The `input` and `output` fields can be in str or dict list format.

For example,

```toml
# Single input, defined value can be accessed with {input} or {output}
input = "path/to/{sample.name}.fastq.gz"
output = "path/to/{sample.name}.sorted.bam"

# Multiple input, defined values can be accessed with {input.read1} / {input.read2} / {output.bam} / {output.unmapped}.
input = [
    {read1 = "path/to/{sample.name}_r1.fastq.gz"},
    {read2 = "path/to/{sample.name}_r2.fastq.gz"},
]
output = [
    {bam = "path/to/{sample.name}.sorted.bam"},
    {unmapped = "path/to/{sample.name}.unmapped.fastq"}
]
```

The `output` field is used to determine whether a job has been finished. If all files/directories exist, the job will not be committed.

### Resource Limits

This section contains some variables for controlling the resources requested in SLURM/Torque system.

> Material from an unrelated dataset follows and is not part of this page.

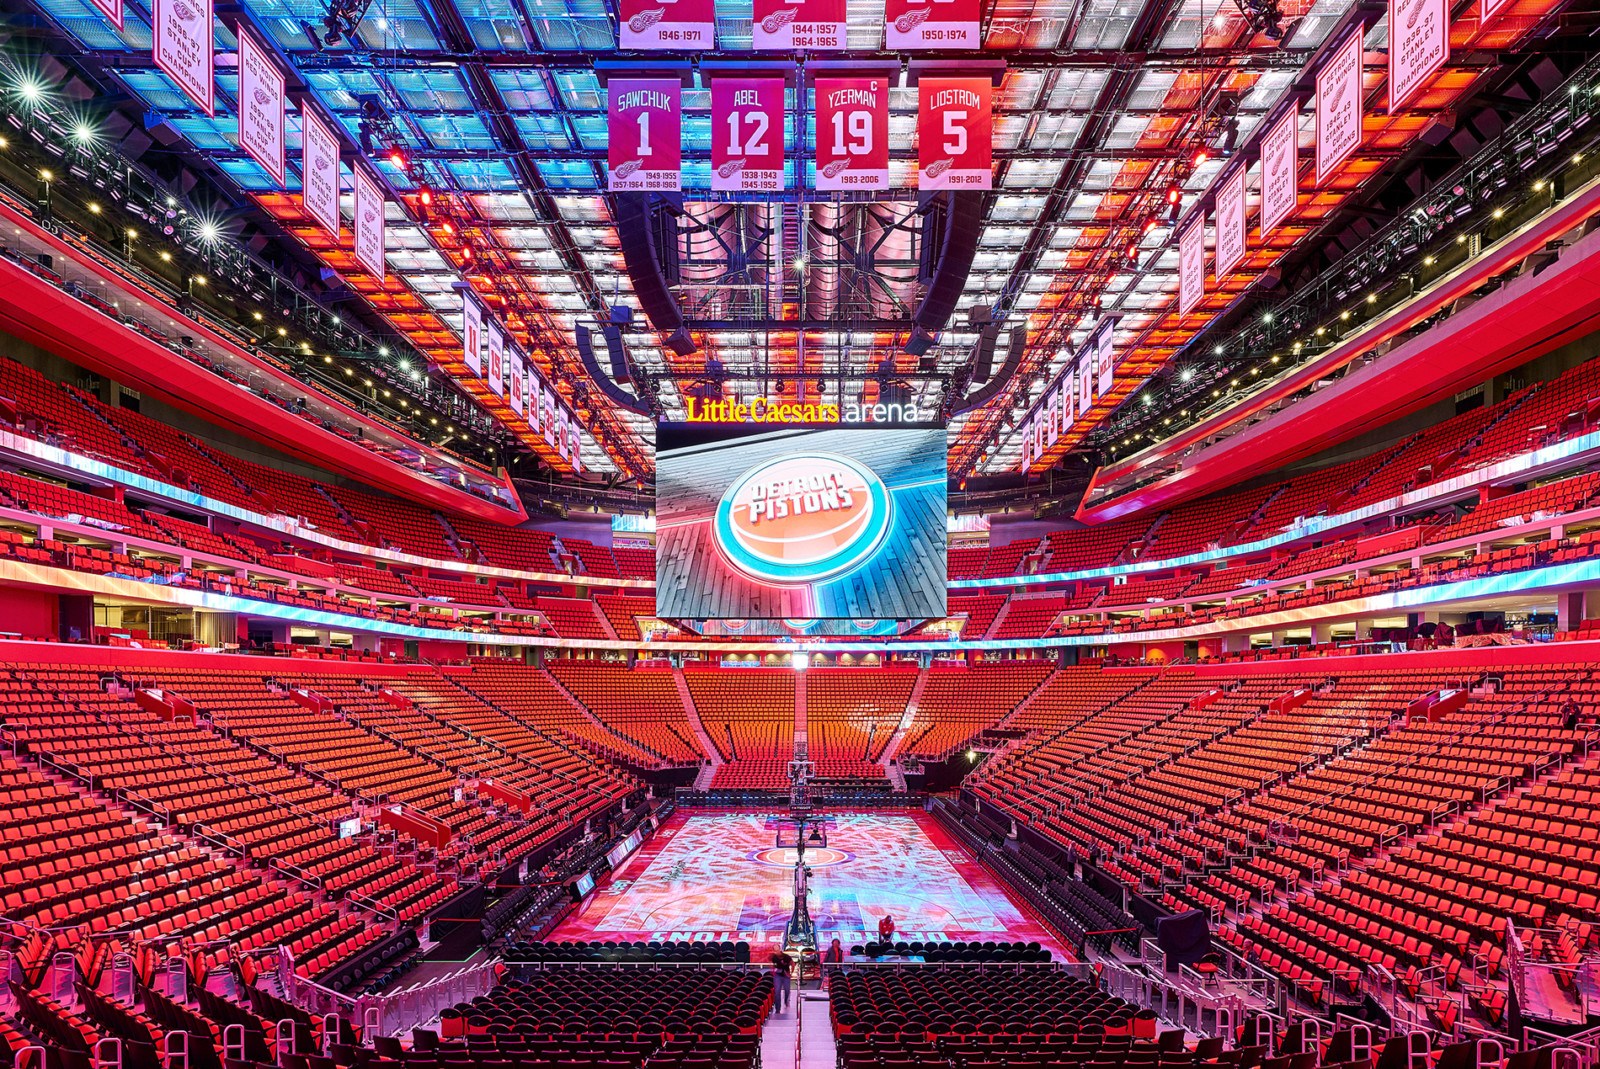 Inside look at Red Wings new Little Caesar's Arena - Sports

- The `threads` controls the number of requested cpu cores for each job.
- The `gpus` controls the number of requested gpu cards for each job.
- The `queue` controls the queue for submitting each job.
- The `walltime` controls the maximum requested run time (hours) for each job.
- The `dir` controls the working directory of each job.
- The `log` controls the stdout/stderr of each job. The stdout and stderr are combined into a single file.

### Command Lines

The `shell` field is the command line for each job. This is a mandatory field, and should be provided in multiple lines as defined by `""" """`.

For example:

```toml
shell = """
mkdir -p {out_dir}
source path/to/some/scripts
{kallisto} quant -t {threads} -b 100 -i {index} -o {out_dir}/{sample.name} {input.r1} {input.r2}
"""
```

# Usage

## Submit a pipeline

For each sample, `qbatch` will submit all jobs in the defined order, and dependencies will be added if the `depend` field is defined.

```bash
qbatch your_pipeline.toml
```

After a successful commit, the following directory will be created:

```
├── checkpoint              # IDs of successfully completed jobs
├── info                    # JSON formatted pipeline information
├── pipeline                # a copy of the submitted TOML configuration
├── jobs                    # A tab separated files of job submission record file with 3 columns: name/job_id/pbs_command
├── logs                    # directory for log files
│   ├── sample1.job1.logs
│   ├── sample1.job2.logs
│   ├── sample2.job1.logs
│   └── sample2.job2.logs
└── sc                      # directory for PBS scripts
    ├── job1.sample1.sh
    ├── job2.sample1.sh
    ├── job1.sample2.sh
    └── job2.sample2.sh
```

## Cancelling a pipeline

If the dependencies of a job have failed to complete. The job is canceled in the ***Torque*** scheduler. However, the ***SLURM*** jobs will be stuck and marked as dependencies never satisfied. So, a simple `qcancel` command is provided to cancel all unfinished jobs in a pipeline:

```bash
qcancel work_dir/jobs
```

## Continuing a pipeline

You can also continue unfinished jobs using the record pipeline file. Only jobs recorded in `jobs` and not presented in `checkpoint` will be resubmitted.

```bash
qbatch -c work_dir/pipeline
```

## Testing a pipeline

You can use `-d` option to specify a dry run, where jobs will be parsed but not submitted to the PBS server

```bash
qbatch -d pipeline.toml
```

# **NOTE**

- All paths specified in the TOML and sample_sheet / group_sheet files should be absolute paths.
- The values defined in `{var}` are parsed line by line. So the variable should be defined in the preceding lines.